Grandmas Against Humanity

Before you jump to conclusions and assume my grandma is a YouTube celebrity, no, my grandma is NOT one of these ladies. I wouldn’t put it past her though. I’ve recently learned that nothing should really surprise me anymore when it comes to her.

I went home recently to see my little sister walk across a stage and read a speech. You know, the typical valedictorian stuff — I mean, isn’t everyone’s sister valedictorian when they graduate college? (insert proud big brother status here)

While I was home, we decided to have a chill night in (twice actually) and partake in some quality family bonding time, game night so to speak, with a quality family-friendly card game: Cards Against Humanity.

To say I learned a lot about my grandma is an understatement…

10:25pm: I’m currently playing Cards Against Humanity with three 20 year olds and my grandma and cannot find a bottle of wine in this house to save myself. Commence the panic attack.


Me. Three 20-year-olds. My grandma. No wine. No beer. No liquor of any sort. No nothing. You know you’re at your mom’s house when…

10:57pm: “Queefing. I have no idea what that word is but I like it. Who threw queefing? What is it?” 

And so it began. Yes. We had to explain what “queefing” is to Grandma.

Of course, it spreads like wildfire on Facebook and Twitter….because some things are just too good to not share with the world — and my mother since she was out of town whose only response was: “I wish I had been there. Oh wait….maybe not, then I probably would have been the one who got to explain it to her.”

CAH11:04pm: (Shaking head in disgust) “I sure wish I had a card that said ‘My grandkids’ for this round.”

Well thanks, grandma.

11:09pm: (Reading the word “clitoris” on a card) “Cly-tore-itis. I know I have this part but I just don’t know how to pronounce it.”

Through laughing-induced tears, I Facebook it. Of course.

As quickly as my mom responds, you’d have thought she was sitting in the room playing too. It’s almost like she was there. “OMG! I am laughing so hard right now I have tears running down my face. We have to play agin tonight when I’m home. I’ll bring the wine!”

Psh. Get with it mom. We all know Grandma loves her sloe gin. But I’m down with wine. Bring as much as you please.

If you think Grandma is crazy, just you wait until you experience her with a sloe gin fizz or two in her. She’s a whole new type of wild.

Tuesday night. Round two. Two twenty-year olds. Me. Grandma. Mom.

Thankfully this time around, there’s a bottle of sloe gin, a bottle of wine, and a 12-pack of Bud Light cans (gross, but desperate times call for desperate measures). Time to get Grandma liquored up. This should be good.

10:04pm: “Hey!
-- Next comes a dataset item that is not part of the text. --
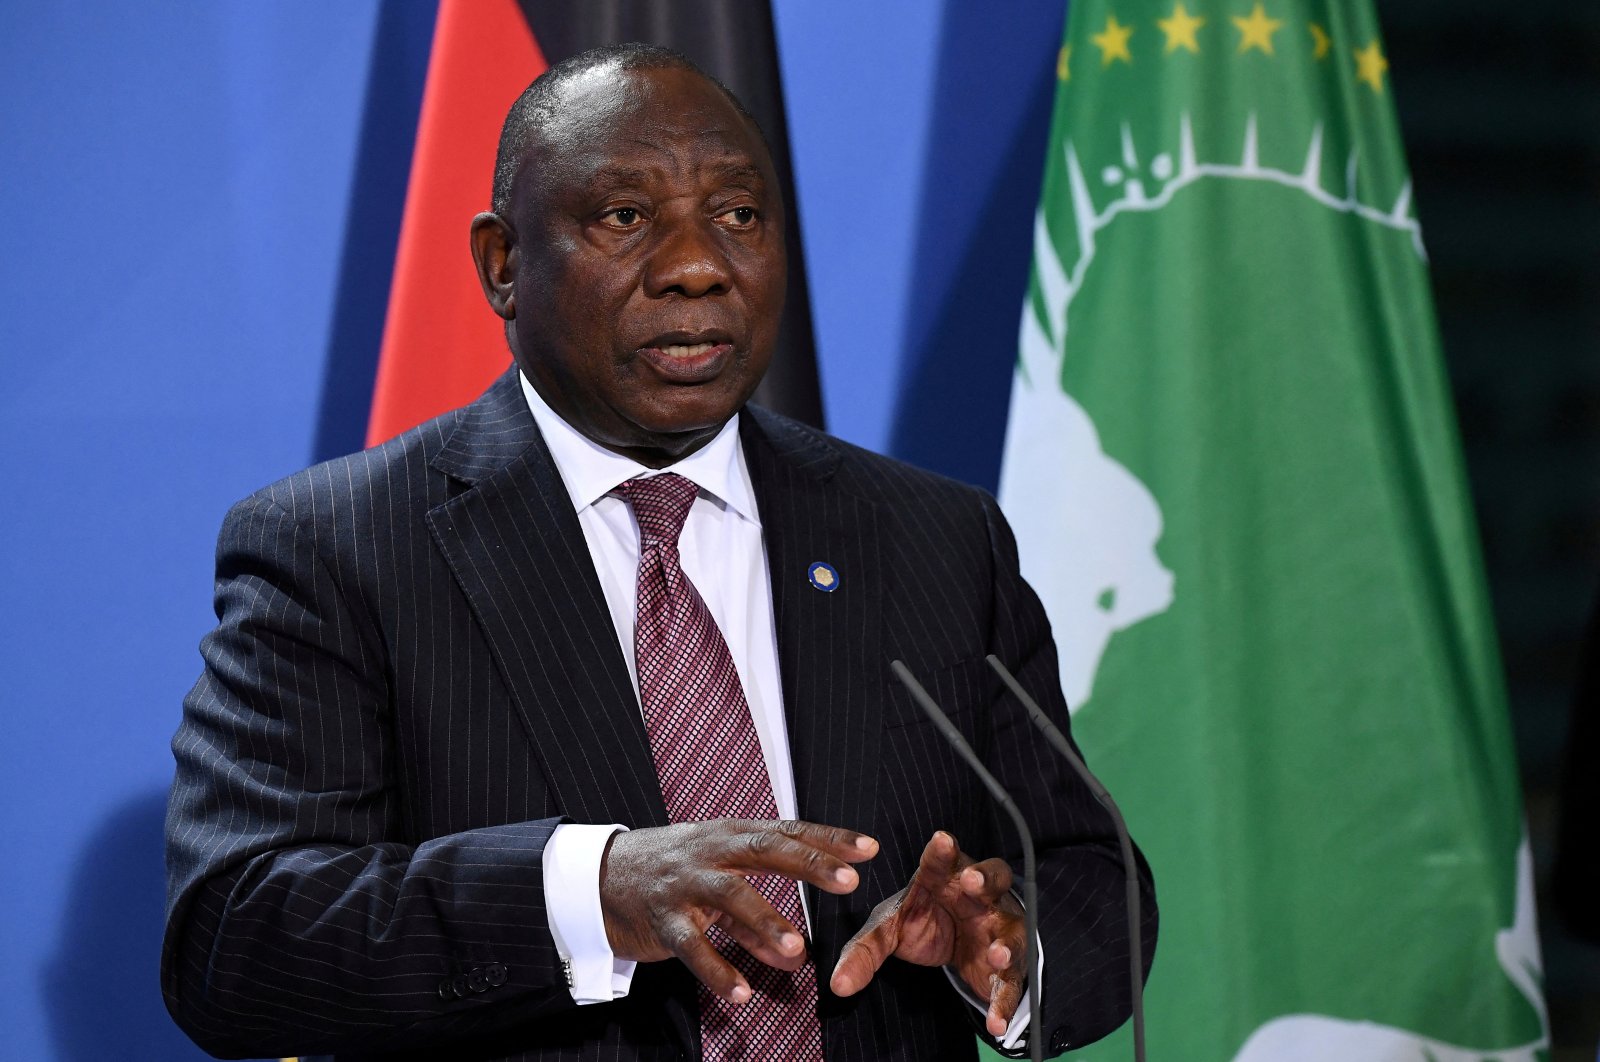 South African President Cyril Ramaphosa addresses a press conference after the G-20 Compact with Africa conference at the Chancellery in Berlin, Germany, Aug. 27, 2021. (Reuters Photo)

Where are you? Get out here and make me a sloe gin fizz!”

Grandma has spoken. Sloe gin fizz it is.

And we’re off.

11:19pm: “White people like __________.”

Down go the cards.

The results: Surprise Sex. Police Brutality. Lance Armstrong’s Missing Testicle. White Supremacy.
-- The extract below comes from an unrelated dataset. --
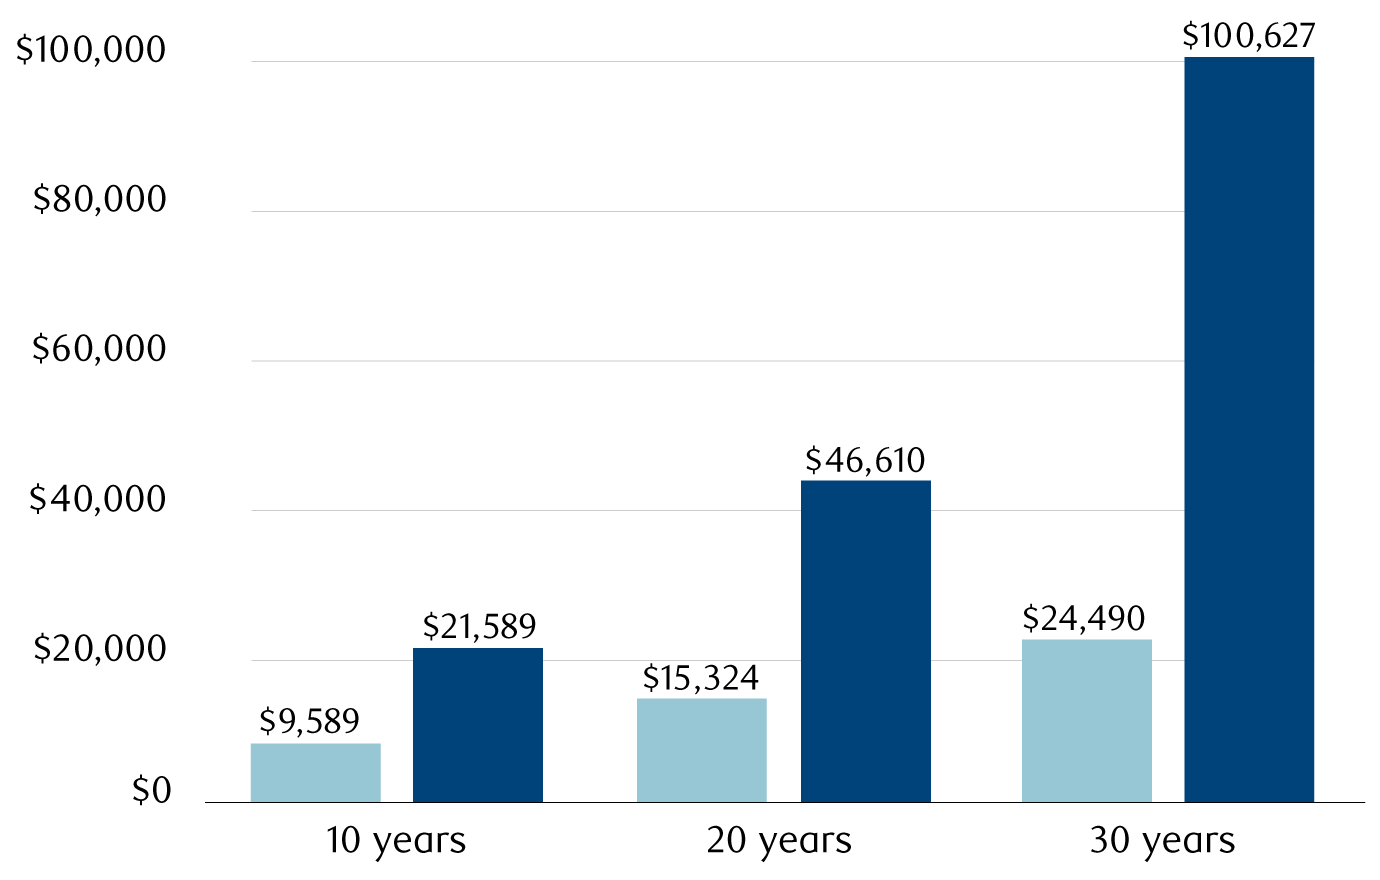 The bar chart shows the differences between investing $10,000 inside an RRSP and $10,000 outside an RRSP

SISTER: “Okay, who threw the ‘Surprise Sex’ card?”
(Grandma looks around innocently avoiding eye contact)
GRANDMA: “Well I mean, who doesn’t love surprise sex? Now give me that black card. I won it fair and square.”

 Yes. That’s correct. My Grandma to throw the “Surprise Sex” card as something white people (and apparently everyone in general) like. You go, Grandma.

11:30pm: “Why do I hurt all over?”

Annnnnnd she wins again……this time with the “Three Dicks at the Same Time” card. This lady is unstoppable.

While Grandma might not have won (my mom did because she’s apparently just as crazy) either night, she definitely held her own. Despite her protests of “This game is so dumb. I don’t understand why you kids think it’s so funny,” I’m sure she was probably snickering on the inside thinking “Grandma’s still got it.” That she does.

In the words of one of my friends: “Fuck paying for a comedy show… Can I just come to ONE family function to meet this wonderful lady, please?”

Truer words have never been spoken. She’s nuts.